The Maria Pia Bridge in Lisbon – Gustave Eiffels’ lasting legacy to Portugal
Gustave Eiffel may have become enduringly famous for a rather large tower he designed in Paris, but there are many other important constructions dotted around Europe that bare the mark of the highly innovative and venerated French architect.
Another great yet somehow less illustrious Gustave Eiffel creation can be found in the city of Lisbon in northern Portugal and is known as the Maria Pia Bridge. At the time Eiffel designed this pioneering structure, in 1877, it was the biggest single arch span in the world, and was used as a railway bridge to carry passengers and goods from northern Portugal to Galicia, over the fast flowing River Douro.
Four companies put in bids to construct the Maria Pia and Eiffel’s bid was the cheapest by some distance, a strategy that secured Eiffel and his associates the contract.

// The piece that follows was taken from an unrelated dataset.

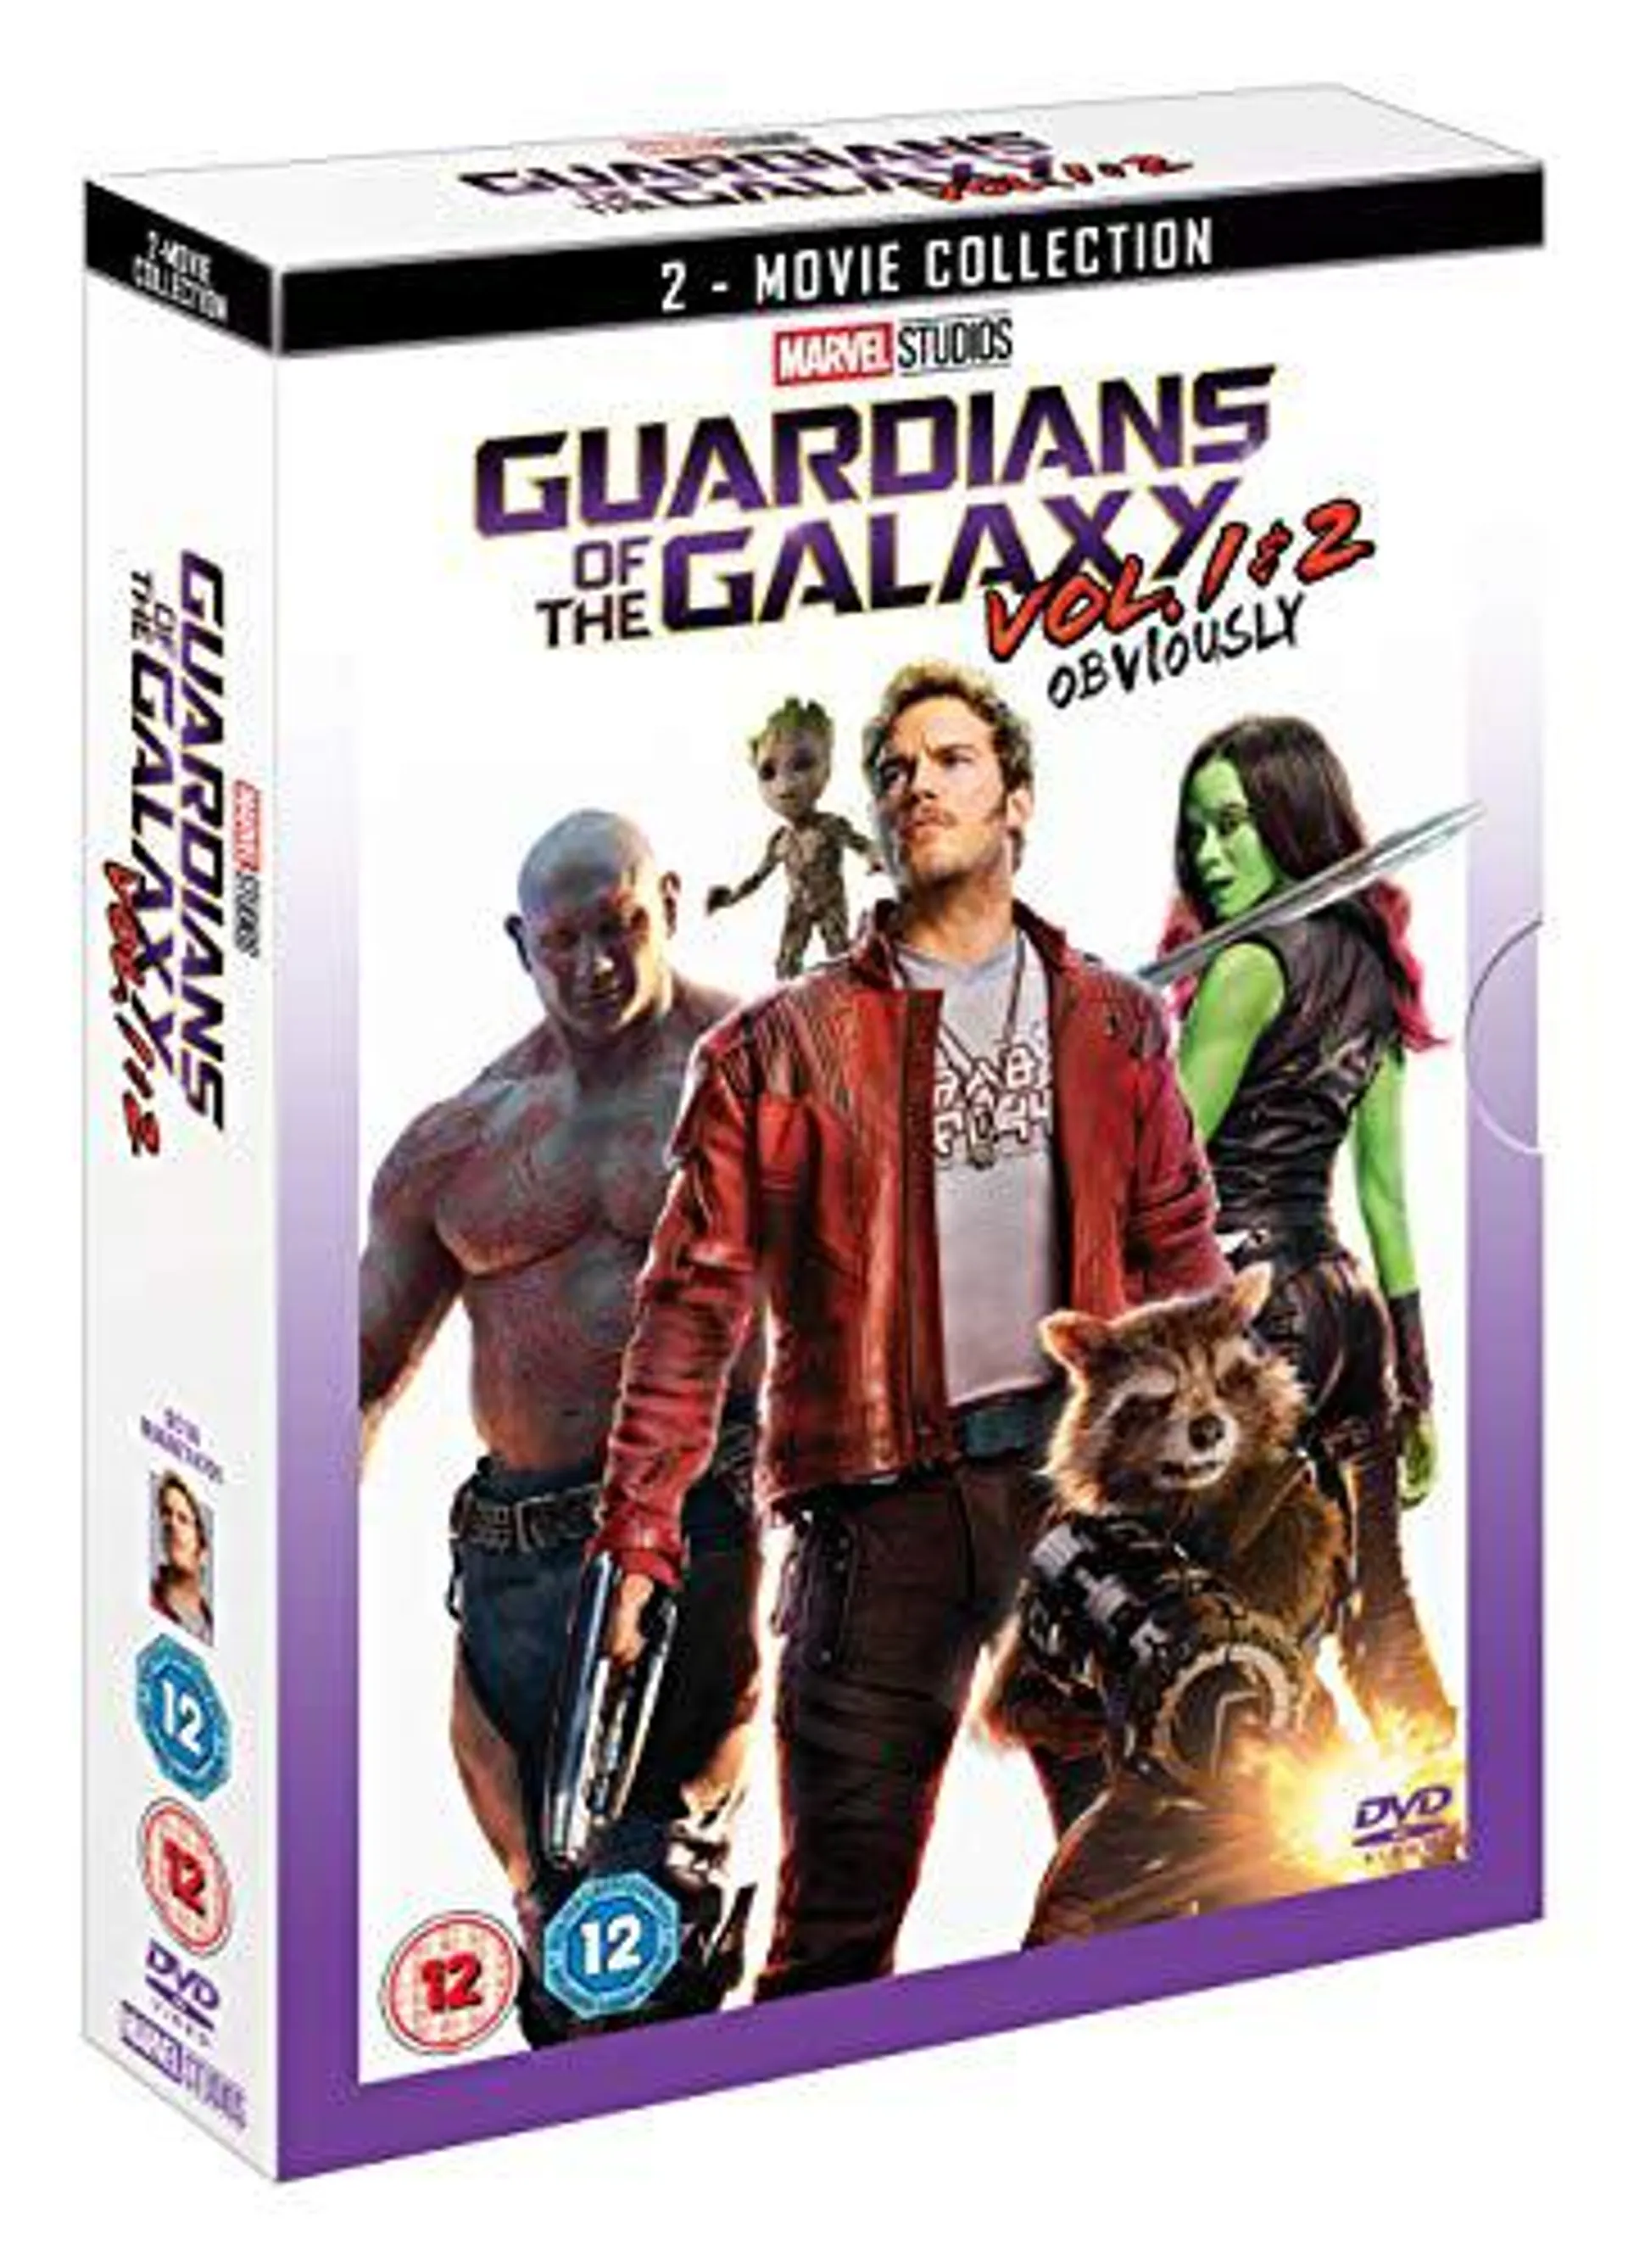 Guardians of the Galaxy & Guardians of the Galaxy Vol. 2 Doublepack

The bridge is over 1,000ft long, 140ft high and has a central width span of 520ft. Previous to the Maria Pia, the biggest single span bridge was in America, at St Louis, which passed almightily over the Mississippi River with a centre span of 512ft. Portugal’s Maria Pia however, knocked its American rival into immediate architectural inferiority, by superseding the Mississippi bridge by eight feet of so, becoming the world’s largest single span bridge.
New and innovative methods were used to construct the Maria Pia Bridge, techniques which were then used on other bridges, such as the Garrabit Viaduct in central France.
This mighty Lisbon landmark has been referred to as being, “A graceful filigreed structure of wrought iron.” In 1988 at video was taken of the Maria Pia of a heavily loaded freight train passing over the bridge, a nostalgic reminder at just how long and useful a life this bridge had.
There was talk about this old bridge being demolished when the new one came into service in 1991, but, for now at least, the Maria Pia stands proud and beautiful, a pensive legacy of the many discerning talents of Gustave Eiffel and his team.